Influences on the spatial pattern of soil carbon and nitrogen in forested and non-forested riparian zones in the Atlantic Coastal Plain of the Delaware River Basin

•Soil C and N content was comparatively greater in riparian zone soils sampled here.•Soil C content in forested and non-forested riparian soils was not different.•MRT analysis was able to explain >50% of the variability in soil C and N content.•This approach can identify those riparian areas with potential to sequester soil C.

This study investigated the landscape characteristics that influence C and N in unsaturated surface soils of riparian zones along 1st to 3rd order streams in the Atlantic Coastal Plain of the Delaware River Basin. Unsaturated surface soils (0–30 cm) were sampled in forested and non-forested sites at 29 locations throughout S New Jersey and SE Pennsylvania. Overall, the soil %C and %N in forested and non-forested riparian sites studied in this investigation were comparable to similar riparian zone soils in eastern North America. However, the soil C and N contents of these Atlantic Coastal Plain soils were 3 to 8-fold greater which underscores the value of these riparian soils as C pools. Soil C content (100.3 ± 15.0 Mg ha−1) in forested riparian sites was consistently higher but not statistically different (P > 0.05) from soil C content (90.6 ± 12.1 Mg ha−1) in non-forested riparian sites. Likewise, neither soil N storage or the C:N ratio were different between the contrasting land covers but forested sites with forest floor organic horizons had significantly greater (82%, P = 0.004) soil C storage than the non-forested sites.
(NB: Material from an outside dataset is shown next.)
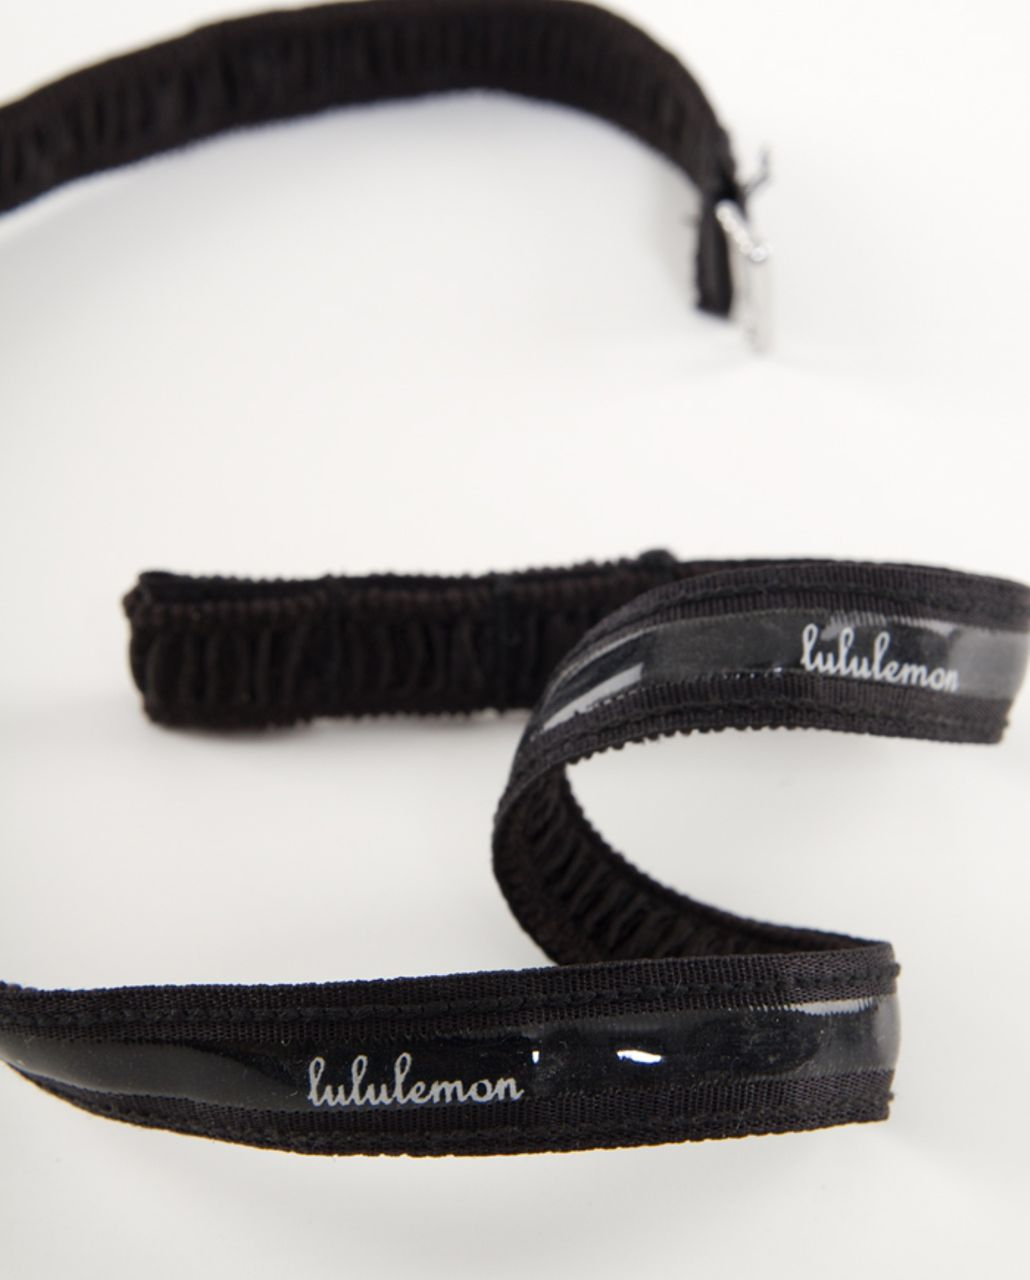 Lululemon Skinny Satin Pirouette *Special Edition - Black

Of the forested sites, 70% did not have organic horizons. All of the forested sites without organic horizons had abundant earthworms and comparisons of sites with and without forest floor suggests that earthworms and the removal of native forest cover may be responsible for a loss of 75–93 Mg ha−1 of soil C from these riparian zones. Multivariate regression tree analysis was able to explain ⩾50% of the variability in soil C and N and as much as 68% of the variability in the C:N ratio. The analysis indicated that watershed-scale land cover, local soil series, and elevation above the active channel had the greatest influence on C and N storage. Moreover, this analysis indicated that a combination of easily measured, reach-scale characteristics and GIS-based watershed-scale variables can be used to estimate regional riparian soil C pools and identify restoration sites with the potential to store soil C.